Даня оробел. Он чувствовал, что до этого дойдет, но целоваться не умел совершенно: было два опыта, один шуточный, другой посерьезней, но оба раза девушки были еще младше и невинней, вырывались, в конце концов все кончалось борьбой, редким касанием губ, взамен предлагались щеки, – словом, стыд, детство.

Он огляделся. Никого не было. Девочка с шаром ушла. Острова были пустынны в этот час, в это время. Варга прислонилась к дубу и смотрела с вызовом.

Даня отважно закрыл глаза, широко открыл рот и ринулся к неиспытанному, но она уперлась руками ему в грудь, тихо смеясь.

– Какой страшный. Не так. Стой смирно.

Он попытался ее обнять.

– Смирно стой. Глаза открой, я не страшная. Теперь учись.

Она осторожно, очень тихо стала целовать его в углы губ, обдавая его слабым запахом повидла и все той же амбры, несколько раз лизнула, один раз больно куснула. Он дернулся.

– Не дергаемся, стоим прямо, – проворковала она.

Даня кивнул, чувствуя себя идиотом.

– Целоваться, – приговаривала Варга воркующим шепотом, – надо не так, как будто ты ешь девушку, а так, будто сдуваешь пыльцу с бабочки.
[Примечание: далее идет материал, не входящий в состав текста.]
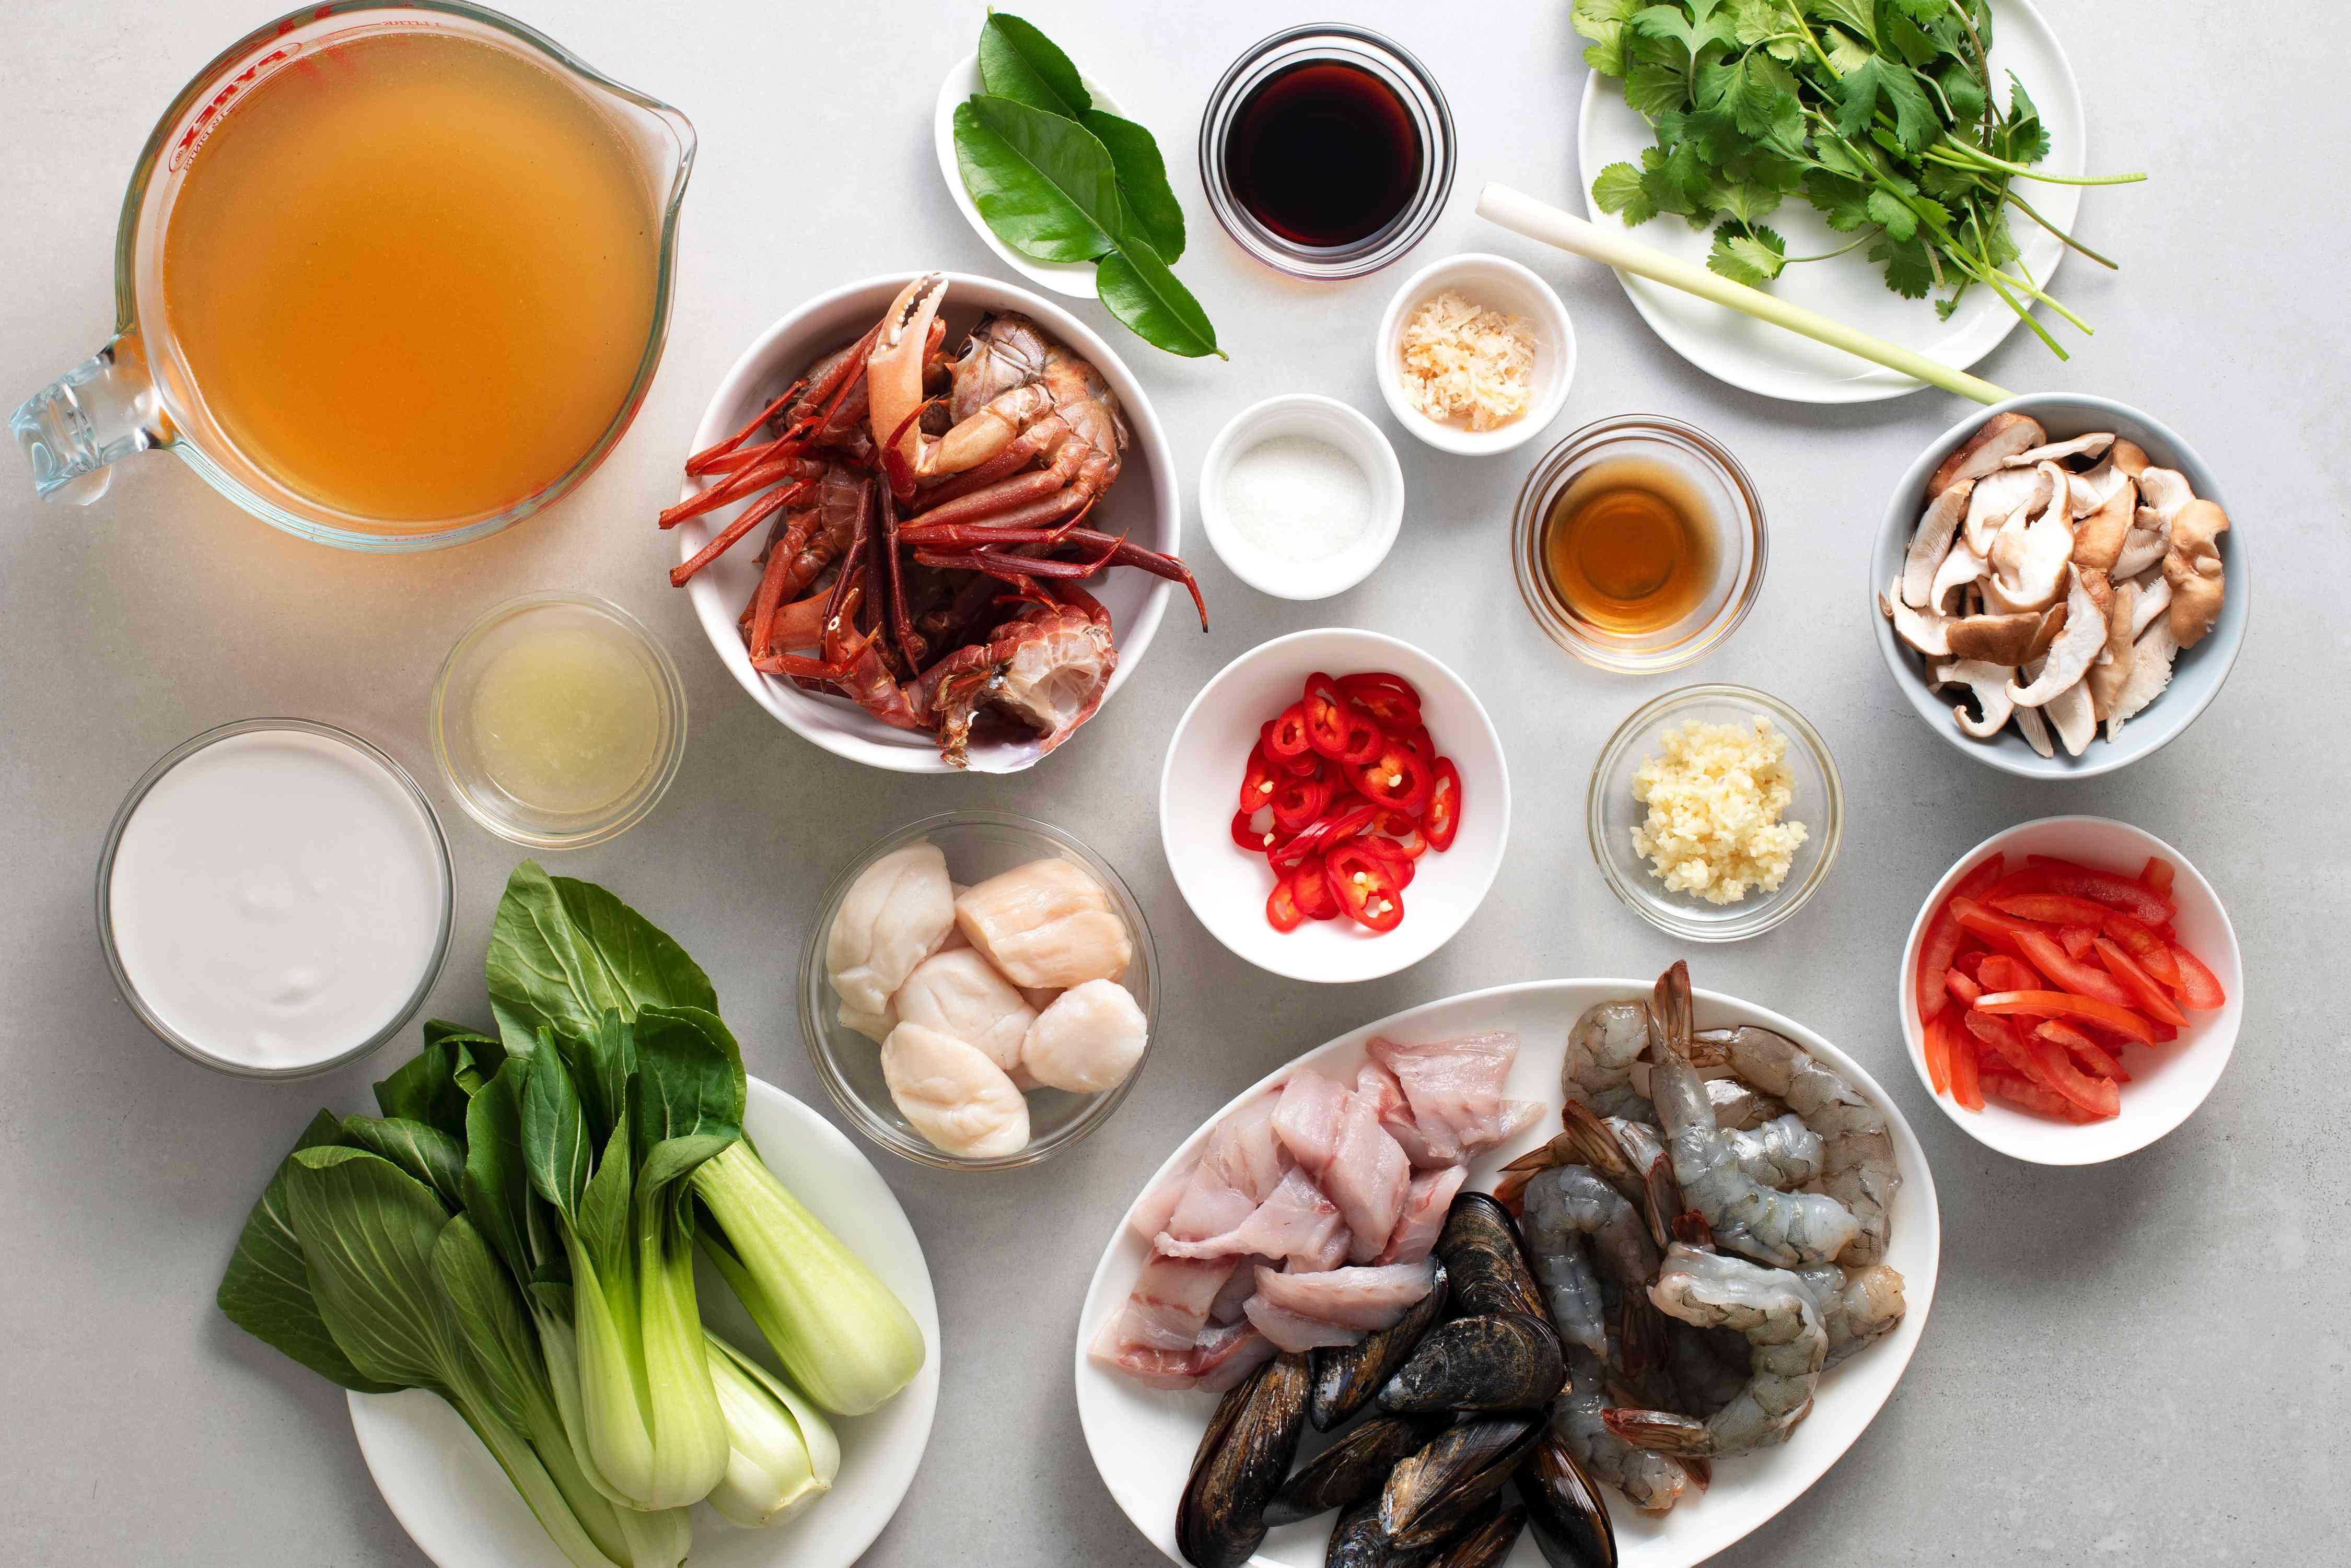 Ingredients to make Tom Yum Talay soup

Девушка не еда, девушка – бабочка.

Сейчас она разнежит меня, понял Даня, а потом – как того дракона…

– Девушка все сделает сама, – приговаривала Варга, обнимая его за шею. Тут он утратил всякую сдержанность и принялся-таки целовать ее куда попало – в глаза, в холодный нос, в горячий рот, ускользавший и уклонявшийся.

– Ничего не умеет, совершенно дикий, – сказала Варга. – Понравилось, что ли? Хватит. Хватит, я сказала, не то больше никогда!

Он смиренно застыл.

– Глина полезла, – повторила она загадочно. – Ну а хоть бы и глина? Пошли. Никого не осталось приличных, но на два раза сгодишься. Сегодня больше ничего не будет. Я сама к тебе теперь приду. Ты где живешь?
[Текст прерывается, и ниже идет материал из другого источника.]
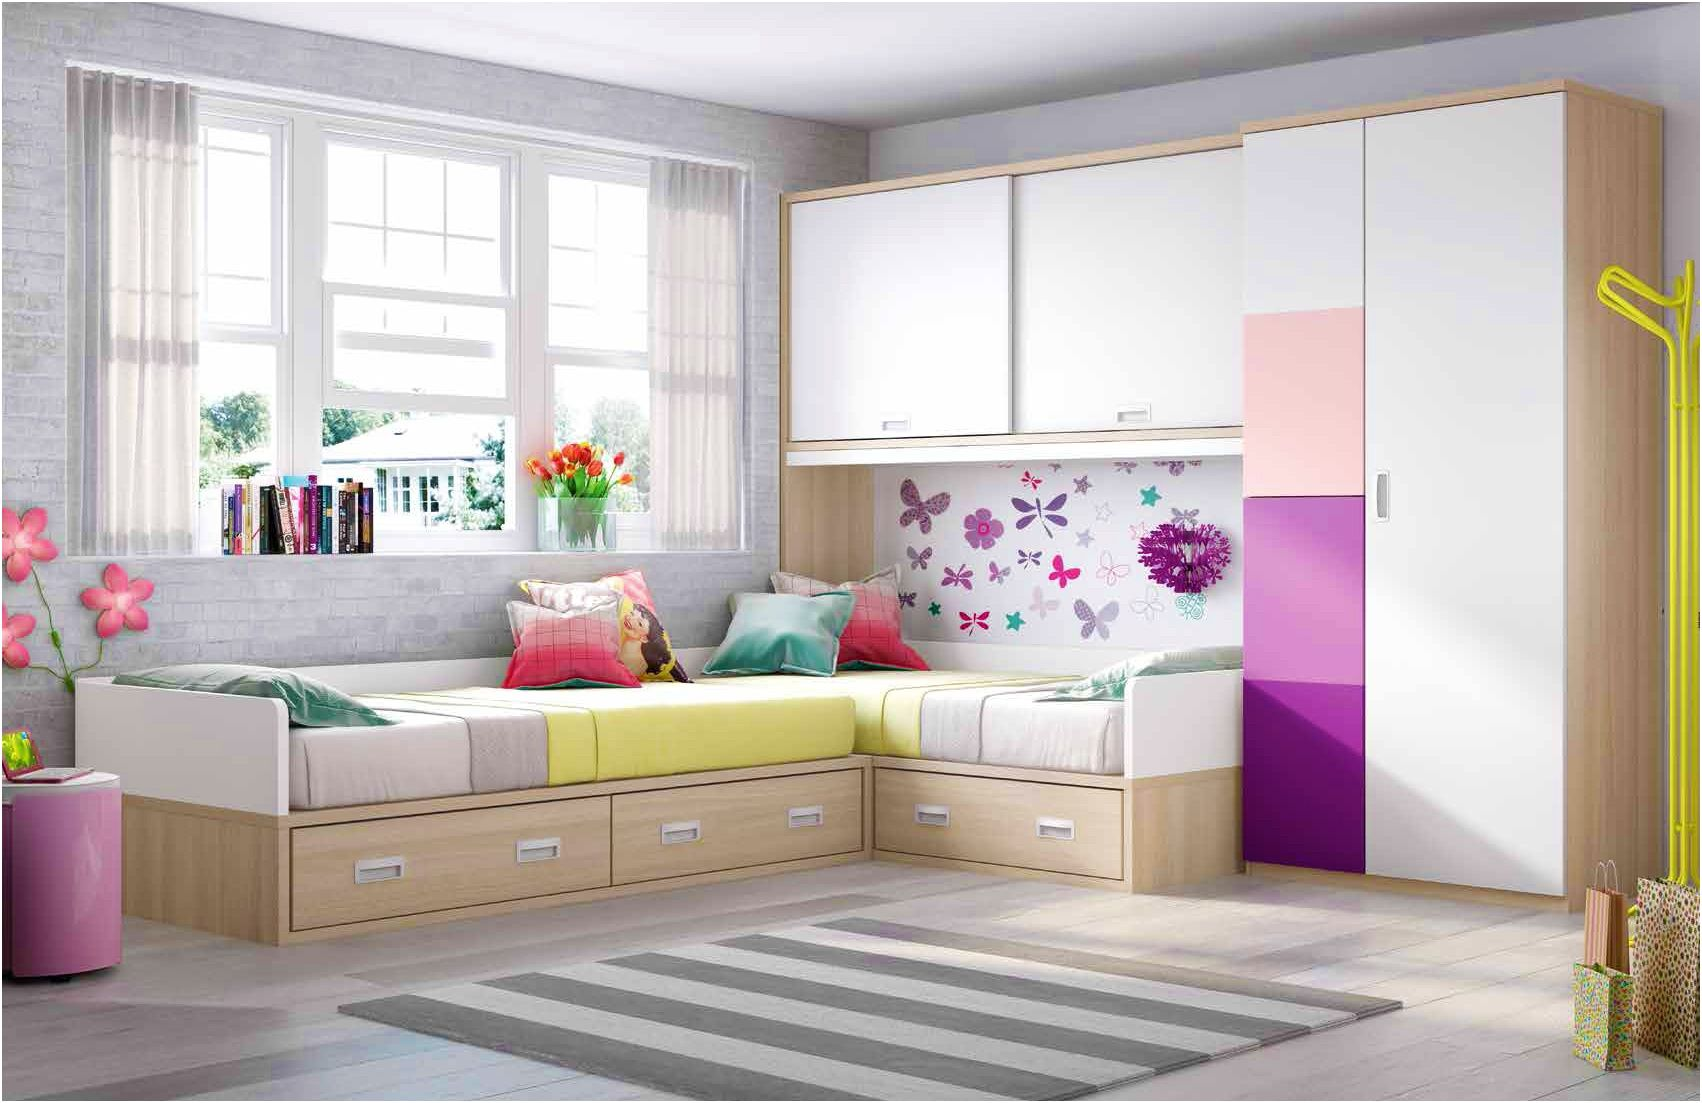 14 Brillant Chambre Fille Ikea Quartos Para Meninas Gemeas

Даня, с трудом ворочая пересохшим языком, сказал.

– Там и сиди, и жди. – Она расхохоталась. – Ладно, веди меня домой, тут скоро станет темно и страшно. Вылезут ужасные насильники, меня изнасилуют, а тебя сожрут.

– Слушай! – не выдержал Даня. – Ты чего-нибудь другого можешь ждать от людей?

– А что со мной еще можно делать? – изумилась она. – Жрать меня неинтересно, я худая.

– Ты очень милая все-таки, – сказал он.

– Что значит – «все-таки»? Два раза поцеловал и думает, все можно. Ты прах мой недостоин целовать, понял? Прах!

– Прах – это останки, – пояснил Даня.

– Вот-вот, я это и хочу сказать. Останки целовать недостоин. Пошли, я замерзла.

Он стянул с себя куртку и укутал ее.

– Теплый, – сказала она неодобрительно. Видимо, в ее лексиконе это было такое же ругательное слово, как у апостола Павла, – но куртку приняла. Все ругают теплых, и всем они нужны, когда станет холодно.

3

О сне, разумеется, не могло быть и речи. Ему немедленно надо было рассказать о Варге и обо всем, что было, кому угодно. Но дядя спал, в о том, чтобы сунуться к Поленову, Даня не помышлял даже в эйфории. Некоторое время он метался по кухне, выходил на лестницу, пробуя курить, кашлял и с головокружением возвращался в комнату. Дядя тяжело ворочался, всхрапывал, открывал мутные глаза и бормотал невнятное – кажется, из ролей: «Оставь, оставь… Там быть не может ничего, где может не быть ничто…» – и вдруг, осмысленно, ясно: «Нужно другое, но другого нет. Другого нет! Маленький дом среди деревьев, темных деревьев» – и оседал снова.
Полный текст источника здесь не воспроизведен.